Moreover, this summer's fighting season will be tough, as the Taliban focus on assassinating top officials. Despite U.S. and Afghan efforts to encourage low-level Taliban to drop their guns and reintegrate into society, not many have taken up that option so far.
Yet despite these caveats, and more, I believe it is essential to limit the troop drawdown this year. Here's why.
Security progress so far is real but not consolidated. Afghan forces could collapse if left on their own too soon. But paired with U.S. troops longer they might gain the confidence to fight on their own.
My trip left me convinced that the much vaunted effort to start talks with the Taliban as an alternative to fighting is a real long shot. There's little sign the Taliban are interested, nor do Western interlocutors know who can speak for the Taliban leader, Mullah Mohammed Omar. A sharp pullback now could tell the Taliban there was no need to talk.
But the biggest and most urgent reason to keep the drawdown limited, at least for this year, lies in Pakistan.

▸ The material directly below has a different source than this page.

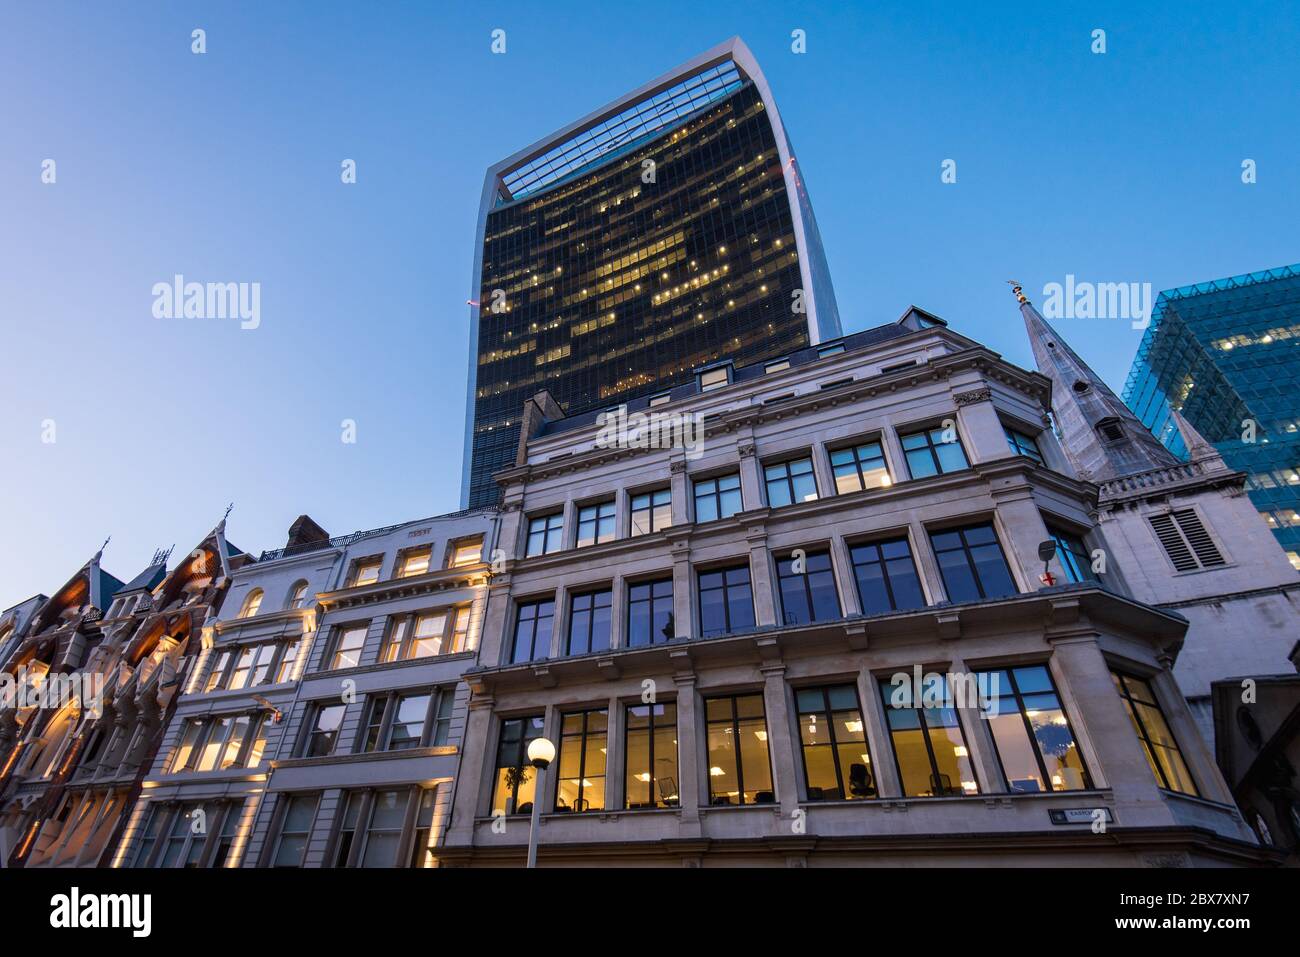 L'edificio Walkie Talkie sorge sopra gli edifici britannici di vecchia architettura a Londra, Regno Unito Foto Stock

Pakistan's weak civilian government is in disarray, and its military is infiltrated by Islamists. The Pakistani army is having deep trouble fighting its own jihadis. It insists it didn't know of bin Laden's presence, which, if true, indicates deep failures in its intelligence agencies.
Pakistani cooperation with the U.S. military and CIA has been cut since the bin Laden raid - at a time when militants pose an existential threat to the country. A U.S. rush to the Afghan exits would greatly embolden those militants. It might also frighten Pakistan's army into risky compromises.

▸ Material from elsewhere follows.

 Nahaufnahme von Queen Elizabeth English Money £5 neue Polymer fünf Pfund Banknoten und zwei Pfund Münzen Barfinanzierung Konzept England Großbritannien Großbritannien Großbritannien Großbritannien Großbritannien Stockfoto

The stakes are much too high to gamble on a policy that would not only accelerate Afghan collapse but would also risk a Pakistani collapse. Better to withdraw slowly, work to build Afghan security forces, and mend ties with Pakistan's army.
Neither Obama nor Petraeus will say this out loud, but a prime reason we must stabilize Afghanistan is to prevent militants from grabbing Pakistan. That's reason enough to give the current strategy more time.